そこそこ経ってから、もう一度その現場へと検証をしに行ったのだ。
無事帰宅した後、彼女にことの顛末を話して、後日行ってみようということになっていたのだ。
検証の結果を書いておこうと思う。
まず、彼女の車で友人を送っていった道をそのままなぞった。
そして問題の帰りである。
「来た道を戻るだけ」なのですんなり元の街に出た。
また友人宅のそばから検証が始まった。
一本道に気持ち程度伸びている分かれ道に入り込んだり、
私の記憶にある異世界の風景に近いところを探したりした。
全くありもしない風景ばかりではなかったのだが、
本当に時間が分岐したような小屋や、時代錯誤の錆びた看板などは発見できなかった。
謎のトンネルは存在した。あまり使われてはいないトンネルのようだったが
確実に存在はしたのだが、そのトンネルに行き着くまでの道のり、風景が
私が見たものとはまるで違った。
釈然としないまま検証を続けていた。
そして、私が立小便をした(であろう)場所を発見した。
昭和初期ぐらいの消防団の建物である。
そう、この“2〜5mぐらい先に”あの謎のバス停があるはずだ。
バス停からもこの建物は見えていたし、こちらからも見えるはずだ。
他に景色を遮る建物はない。
しかしどれだけ目を凝らしても見えない。バス停はない。
あの謎の「シンワイリグチ」というバス停はない。
あの時はバス停から約25mは歩いた。
なだらかな坂を降りたので、また車に乗り込み目の前のなだらかな坂を登ってみた。
車を走らせること数十分。バス停を発見した。
バス停には「シンワイリグチ」と書いてあった。
この車で数十分の距離を歩いたとは思えない。
そもそもここからではあの昭和初期ぐらいの消防団の建物は見えない。
「あの辺に建物がある」と知っていて見れば、
なんか黒っぽい雑木林とは違う物体がチラッと見えるなぁぐらいである。
あの時私はそこに建物があることなんて知らなかったし、
何よりも尿意で周りをじっくり観察する余裕なんてなかったのだから、
あの建物を発見できるわけがない。
私はあの時、バス停の前に車を停車し自分の目で目視できる距離にあの建物を見たのだ。だから、立小便に向かったのだ。
かなりの時間周辺を車で周って気づいたことは、
存在しない風景、場所ばかりではないのだが、まるである道とある道をカットして違うところに貼り付けたような感覚である。
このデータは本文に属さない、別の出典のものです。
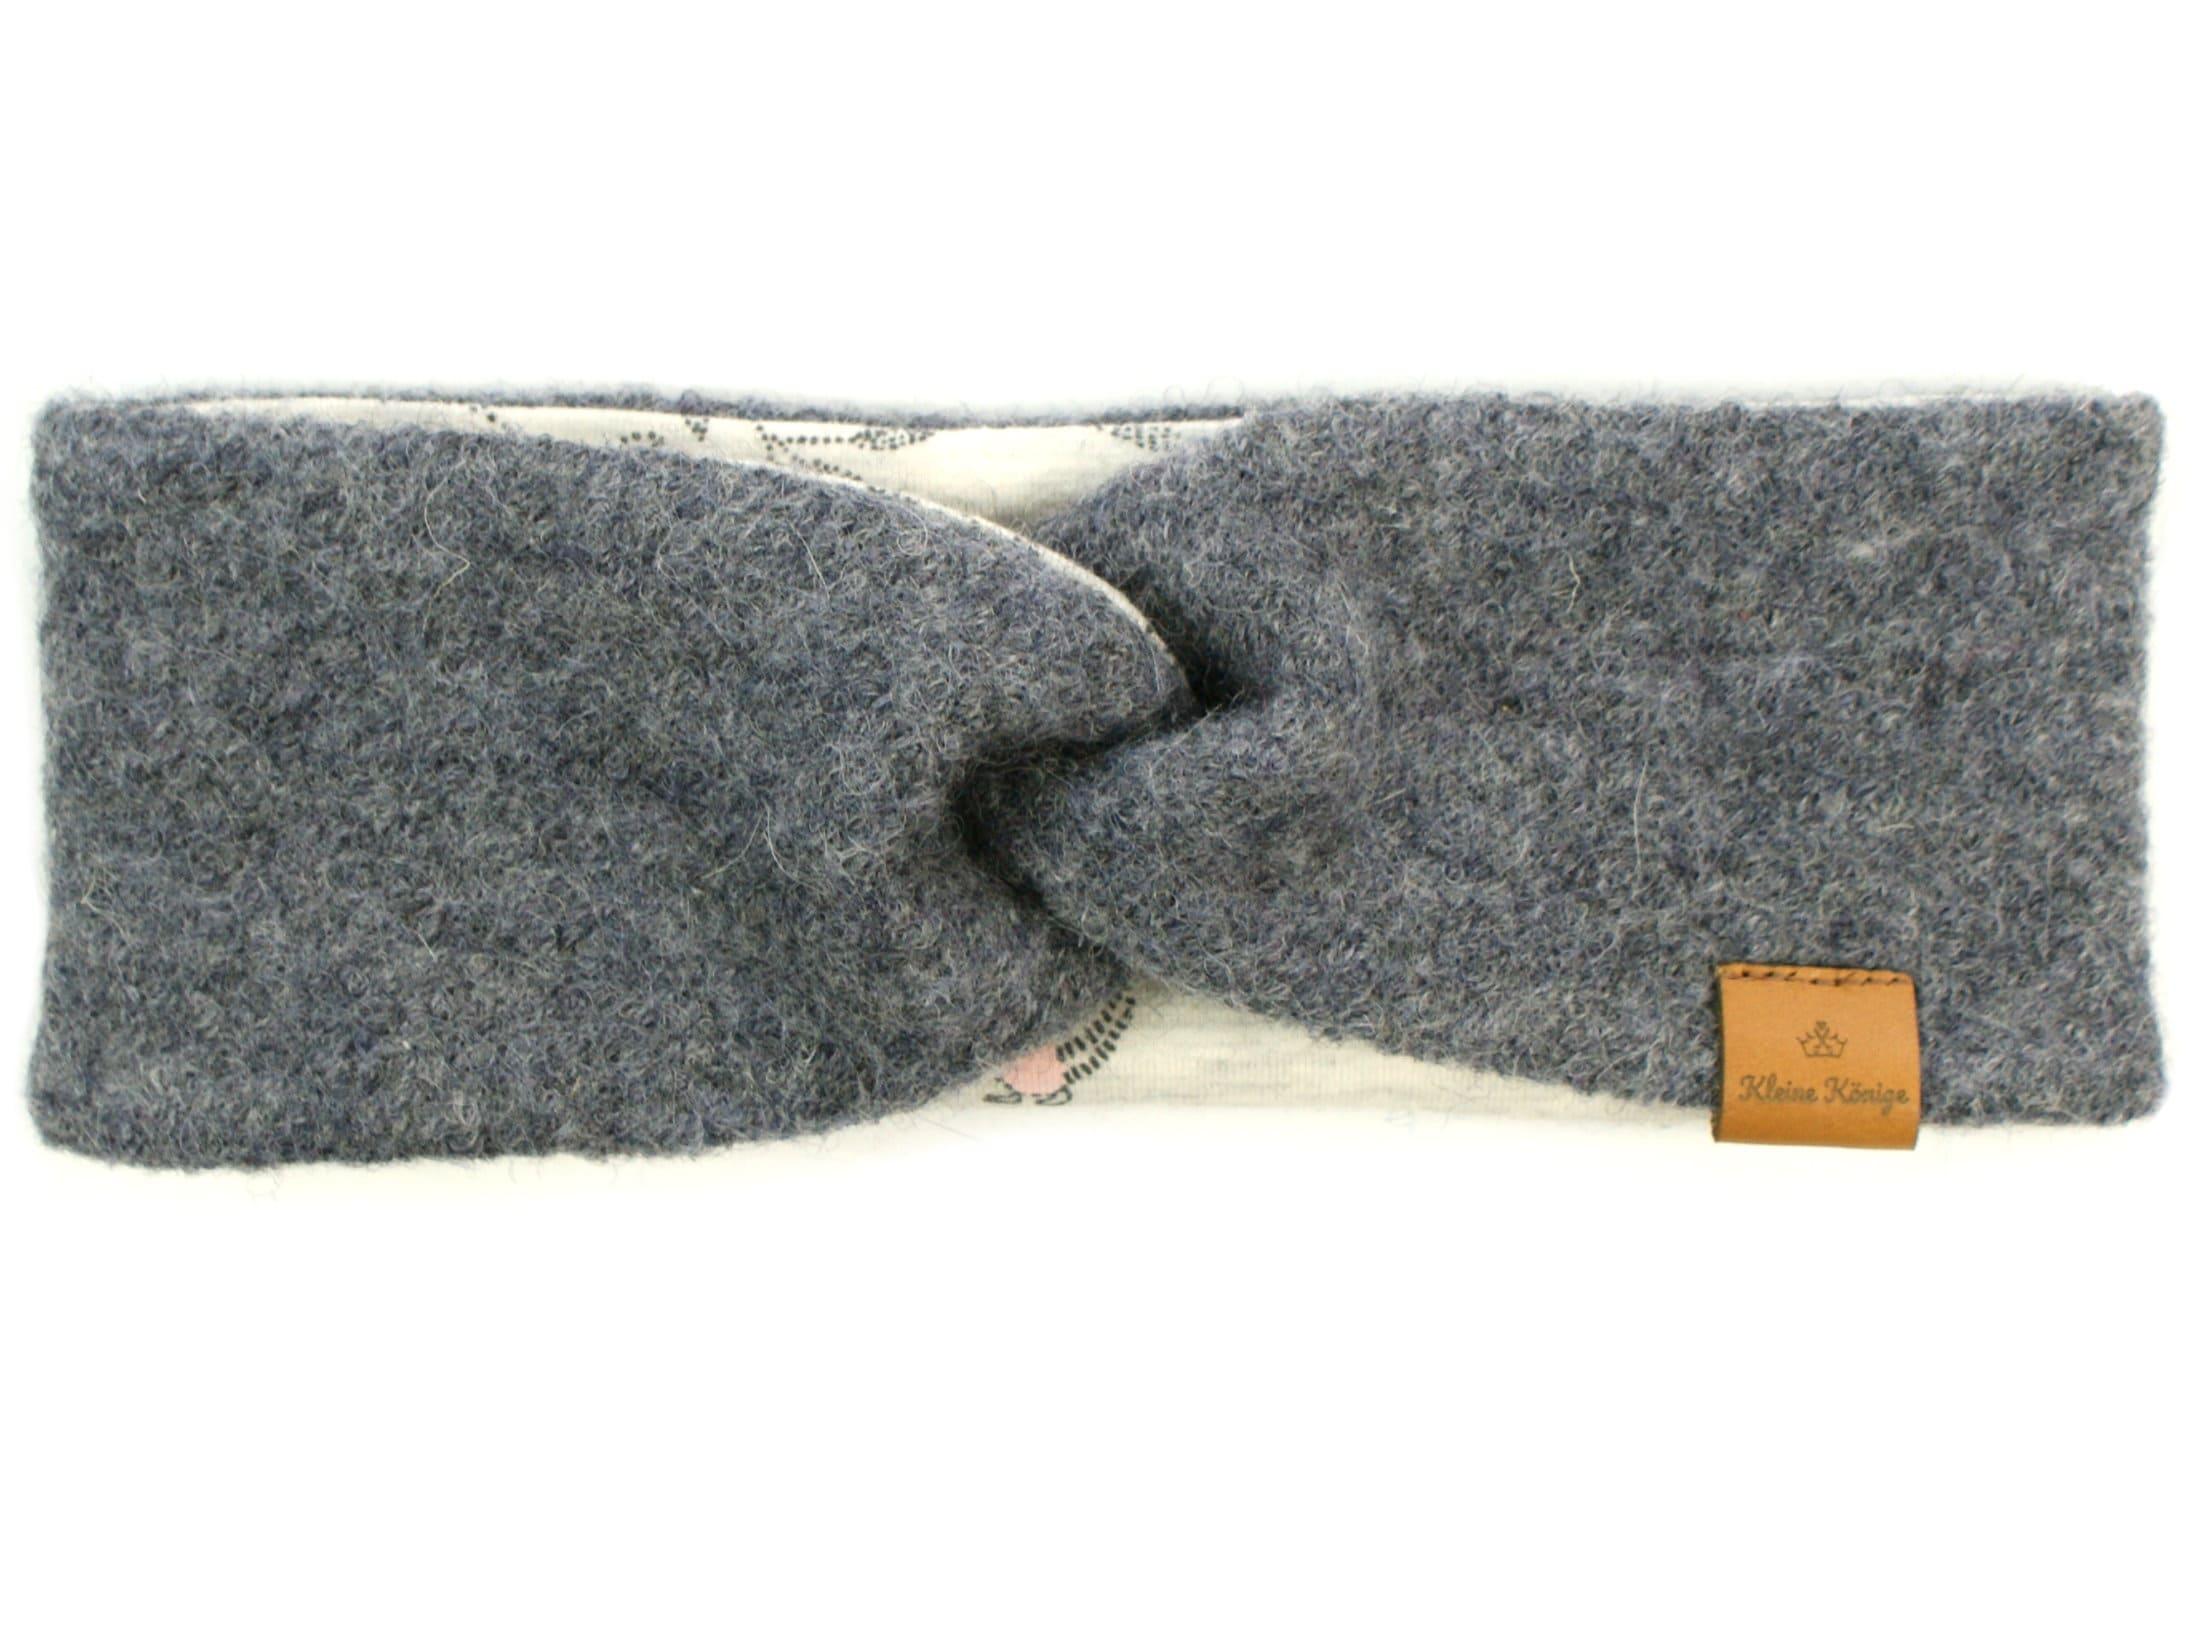 Walk Kinder Stirnband Haarband aus Wollwalk in Grau

あの時は長い時間、時代に取り残された小屋しかない道を走っていたのだが
ものの何分かで街にでたり、明らかに入ってはいない小道に入ってみると、見たことのある風景であったり。
結果的には、「帰ってこれたので問題なし」という判決が下され釈然としないまま、あの時迷いに迷った帰路を激スムーズに戻った。
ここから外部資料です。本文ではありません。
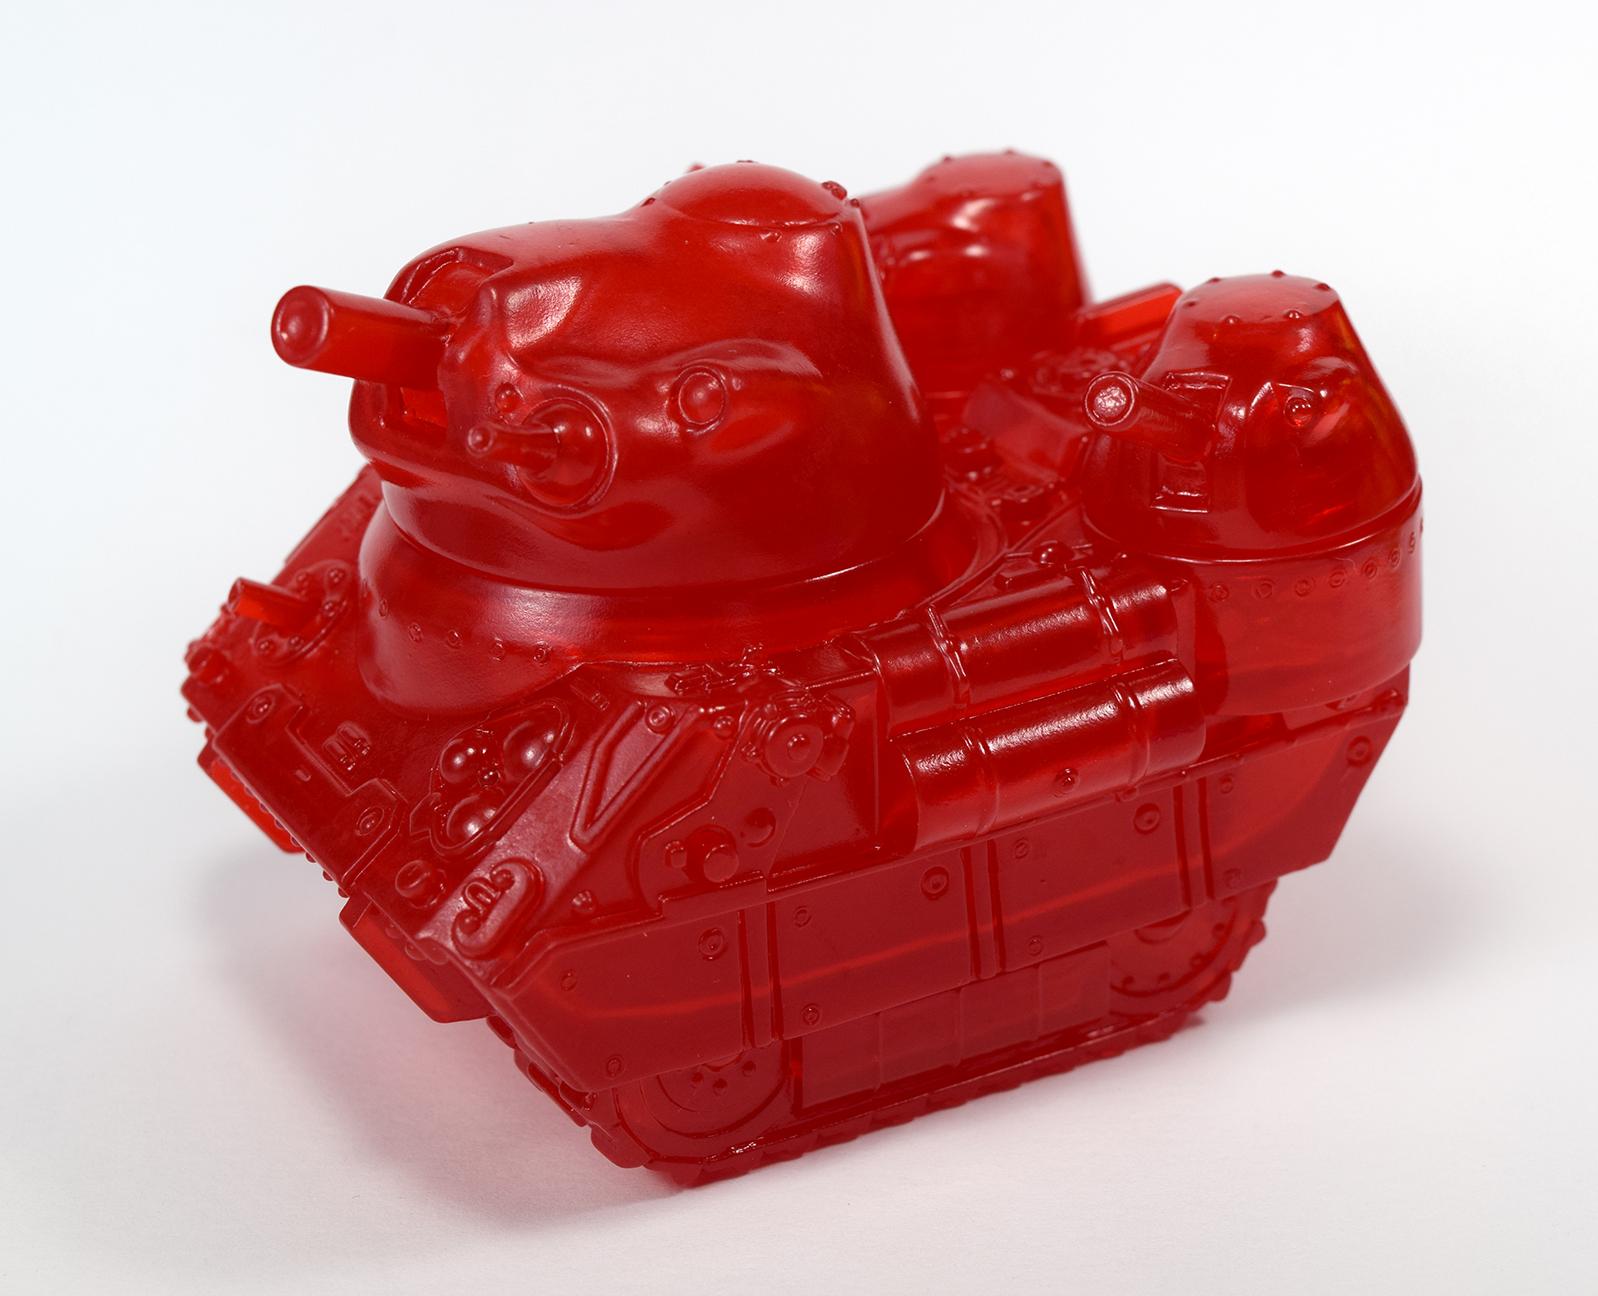 kaiju Tank sofubi clear Red version

人間は心理的に追い詰められるとありもしない状況を作り出したり、
考えもしない行動をとるものだ。
私ももしかしたら、迷ってしまったことにパニクってしまい、
勘違いに勘違いを重ねたり、過剰に敏感になっていたのかもしれない。
記憶というものはとても曖昧である。
本当にこの道なのか、あの道なのか、
真実は過ぎてしまってからではわからない。
真実はどんなだったのか、それをはっきり思い出すにはもう走馬灯しかないのかもしれない。
例えば、お気に入りだったあの腕時計はいつ、
どのタイミングでつけなくなったのか。
壊れたのかもしれないし、単に飽きただけかもしれない。
壊れた覚えはないし、思い出した今となっては逆に使いたいとさえ思っていたりする。
あの時着ていた服はどうしただろうか。
あの時のキーホルダーはどうしただろうか。
あの時一緒にいた友人はどうしただろうか。
もしかしたら、すべてはあの【夢の中の家】にあるのかもしれない。
存在するはずのない、存在するあの家に。
ただ、私は見たのだ。
私だけは見たのだ。あの風景を。
まるで時代に取り残されたような、ある時代が分岐し、
現実に再現され得なかった風景を。
そこで、私は立ちションをして、戻ってきた。
“ちょっとだけ異世界”。
それはたぶん私が思ってる以上にもっともっと身近なものかもしれない。